Ricardo Voltolini | 19 abr 2023

Como tudo o que se refere a ESG, as pesquisas sobre o tema se multiplicam numa velocidade impossível de acompanhar. Nesta semana, Amcham-Brasil e a consultoria Humanizadas apresentaram as conclusões de um estudo sobre a agenda ESG, feito com 574 empresas, em sua maioria grandes e médias empresas. Reunidas, as respondentes somam meio milhão de empregos diretos e um orçamento de R$ 762 bilhões — compondo uma amostragem, no mínimo, relevante.

Os resultados não chegam a ser surpreendentes. Realçam, ainda que lateralmente, tendências verificadas em outras enquetes. Mais do que isso, confirmam o que tenho observado in loco na experiência de consultoria e educação corporativa. Menos da metade dos entrevistados (47%) alega adotar práticas ambientais, sociais e de governança e 31% pensam em fazê-lo, num sinal claro de descompasso entre intenção e ação, algo aliás bastante conhecido na história dessa discussão no Brasil.

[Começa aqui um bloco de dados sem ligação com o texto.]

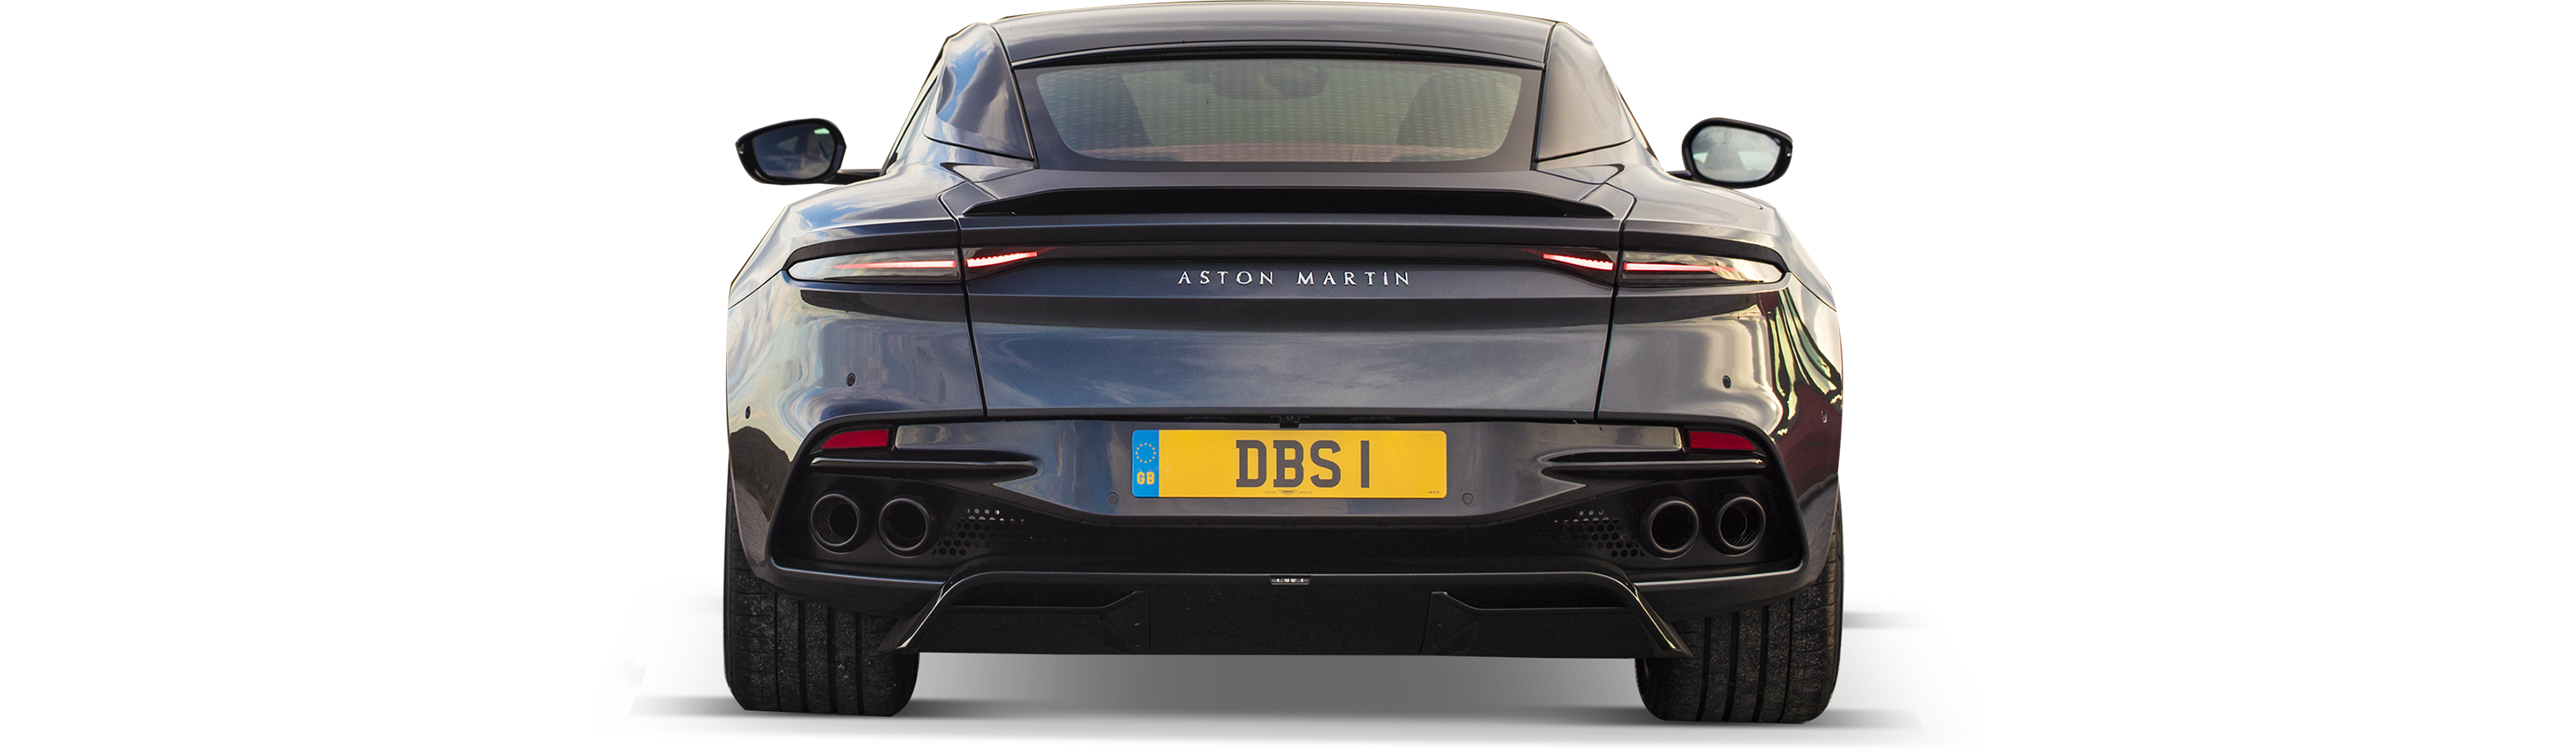 Aston Martin DBS Coupé Superleggera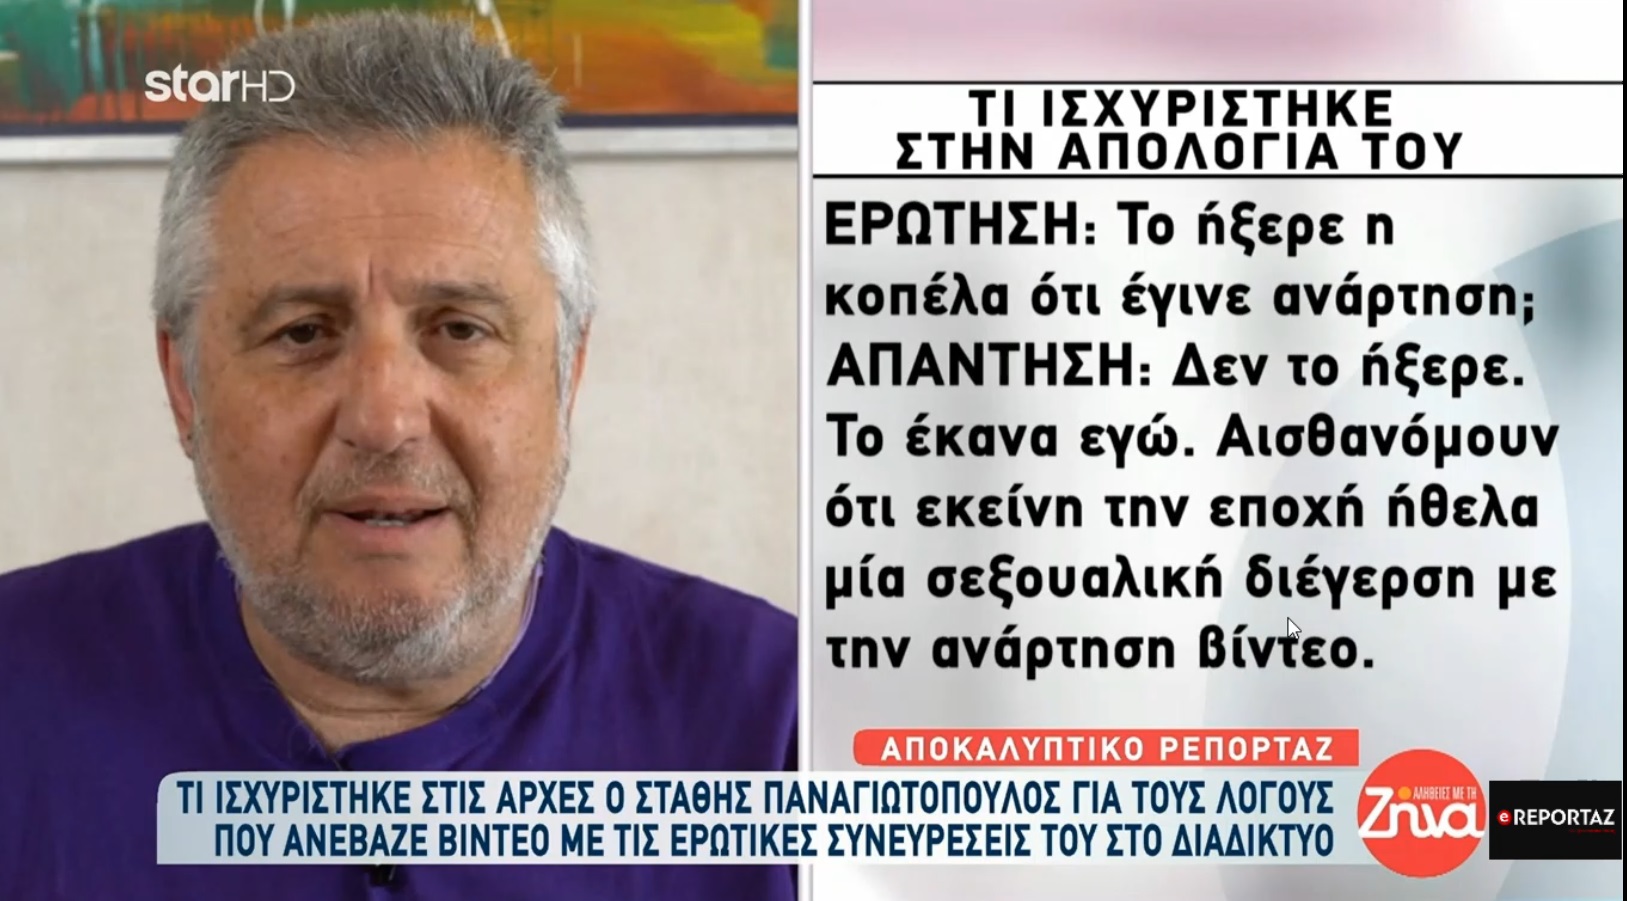 Στάθης Παναγιωτόπουλος:"Ηθελα μια σεξουαλική διέγερση με την ανάρτηση βίντεο" - Τι είπε η δεύτερη μηνύτρια

Insegurança, desinformação, indiferença, incapacidade de identificar ganhos e oportunidades. Seja lá qual for a razão, a maioria das empresas ainda não aderiu à onda ESG.

Como este quadro poderia mudar? Os respondentes têm um ponto de vista sobre os fatores críticos de sucesso da implantação de ESG. Para 48%, a capacitação de líderes e pessoas é o ponto mais importante. Cerca de 47% entendem que a solução passa por dispor de ações de conscientização, seja lá o que isso quiser dizer. Com, respectivamente, 43% e 40% de menções, o desenvolvimento de uma cultura de sustentabilidade e a existência de um orçamento dedicado a projetos de ESG aparecem como outros dois aspectos necessários à mudança.

Na avaliação de 82% dos profissionais ouvidos, o acionamento do modo on do ESG nas empresas depende de CEOs, presidentes e vice-presidentes assumirem a liderança da agenda. Isso mesmo: assumir a liderança! Embora não avance na direção de “como” o C-Level poderia tomar para si o protagonismo da sustentabilidade, esta é a primeira pesquisa — até onde me lembro — a relacionar o papel da alta liderança com o sucesso na implantação de ESG. E este é um dos seus méritos.

Peso do trinômio liderança-cultura-pessoas

Há, pelo menos, 12 anos, desde a publicação do meu primeiro livro, “Conversas com Líderes Sustentáveis”, defendo uma tese: não existe empresa sustentável sem liderança sustentável, nem liderança sustentável sem cultura orientada por valores, muito menos cultura orientada por valores sem o desenvolvimento integral de pessoas. Isso explica porque me surpreendeu positivamente o fato de que todos esses elementos tenham sido, de alguma forma, apontados pelos entrevistados como “fatores críticos de sucesso” — uma evidência de evolução no entendimento de que a base para a transformação, mais do que técnica, está no trinômio cultural liderança-cultura-pessoas.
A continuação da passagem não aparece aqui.